A prodigy who began writing music at age 11, Rihm took his mentor's advice and became a prolific composer of evocative, deeply felt music. At 49, he is the leading representative of the German neoexpressionist movement, which emphasizes intense emotion and freedom from rigid forms. On Thursday, the Cleveland Orchestra will perform the U.S. premiere of Rihm's "Concerto" Dithyrambe for String Quartet and Orchestra, with the acclaimed Emerson Quartet.

The piece is so new that most orchestra employees haven't heard it yet. A translation of Rihm's cryptic description of the concerto prominently features words like "nerves" and "nervous." "I compose with nerve ends," Rihm writes, "not only with the pencil." The fast, dense "Concerto" Dithyrambe dispenses with the classical concerto form and creates what he calls "a monologue of a creature with four mouths -- yes, four heads and four mouths, one beast!" To Rihm, music is a living creature.

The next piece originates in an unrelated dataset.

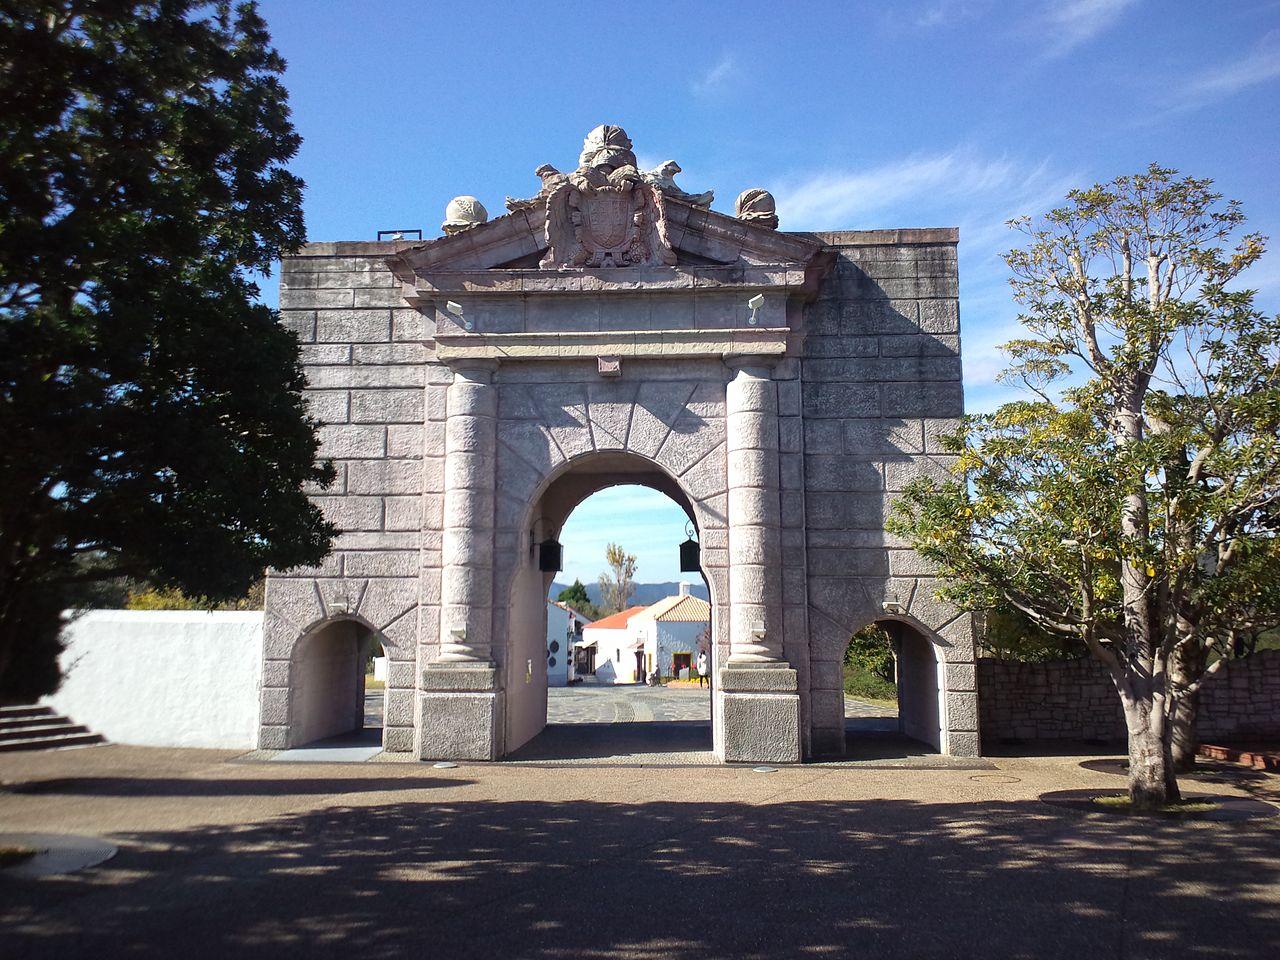 File La Villa Espa Ola De Shima Parque Espa A Puerta De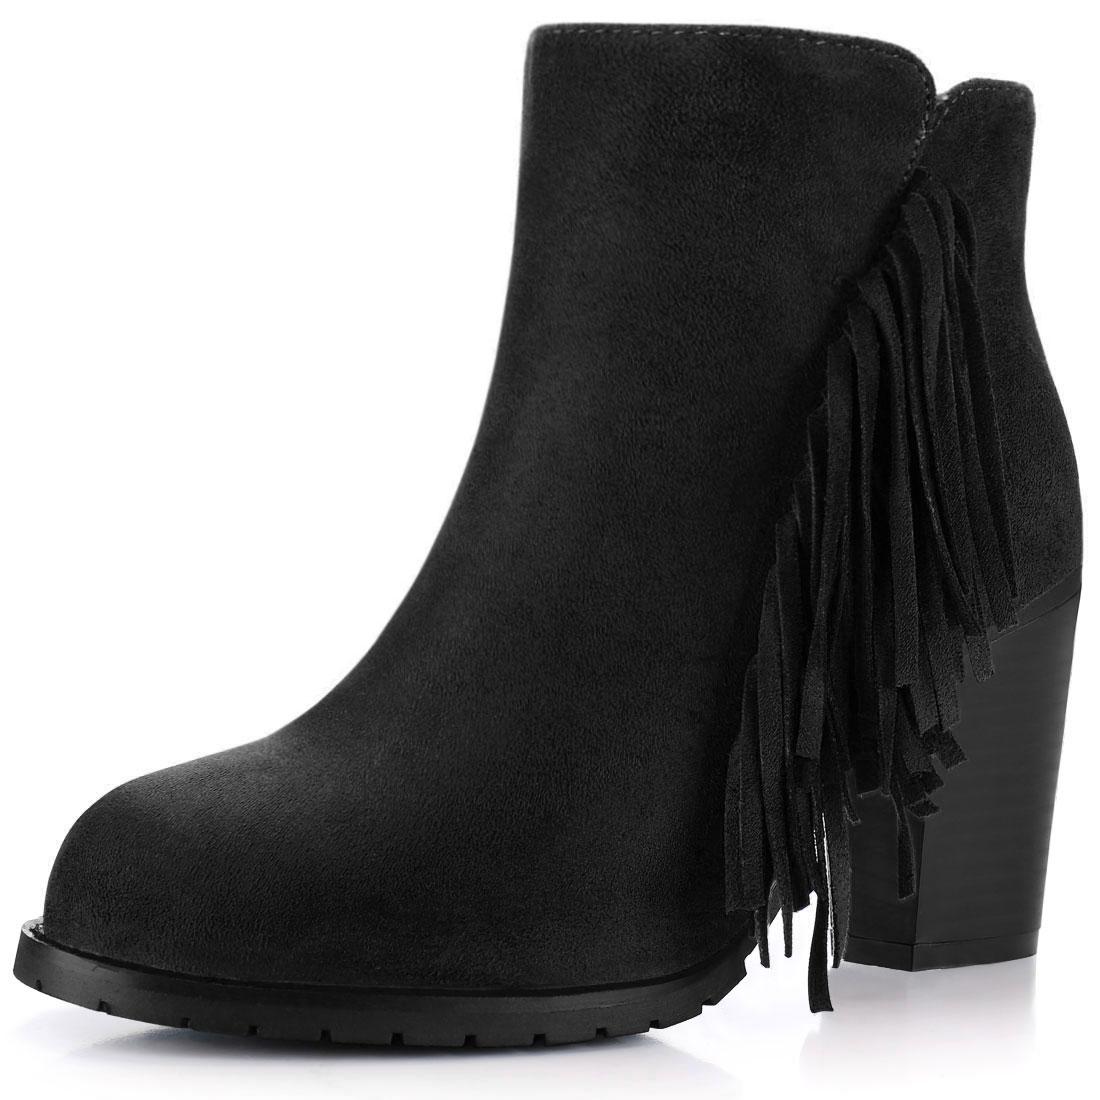 Women Fringe Trim Block High Heel Zip Side Ankle Boots Black US 7.5

The premiere is one of many that grace the orchestra's 2001-2002 schedule. In his 20th and final season as music director, Christoph von Dohnányi, long a champion of 20th-century music, has programmed an exhilarating lineup of U.S. and world premieres, including works by Mark-Anthony Turnage and Harrison Birtwistle. The Thursday and Saturday programs also include Witold Lutoslawski's dark, intense Musique funèbre and -- for those who still fear the shock of the new -- Beethoven's safe, reliable Symphony No. 5.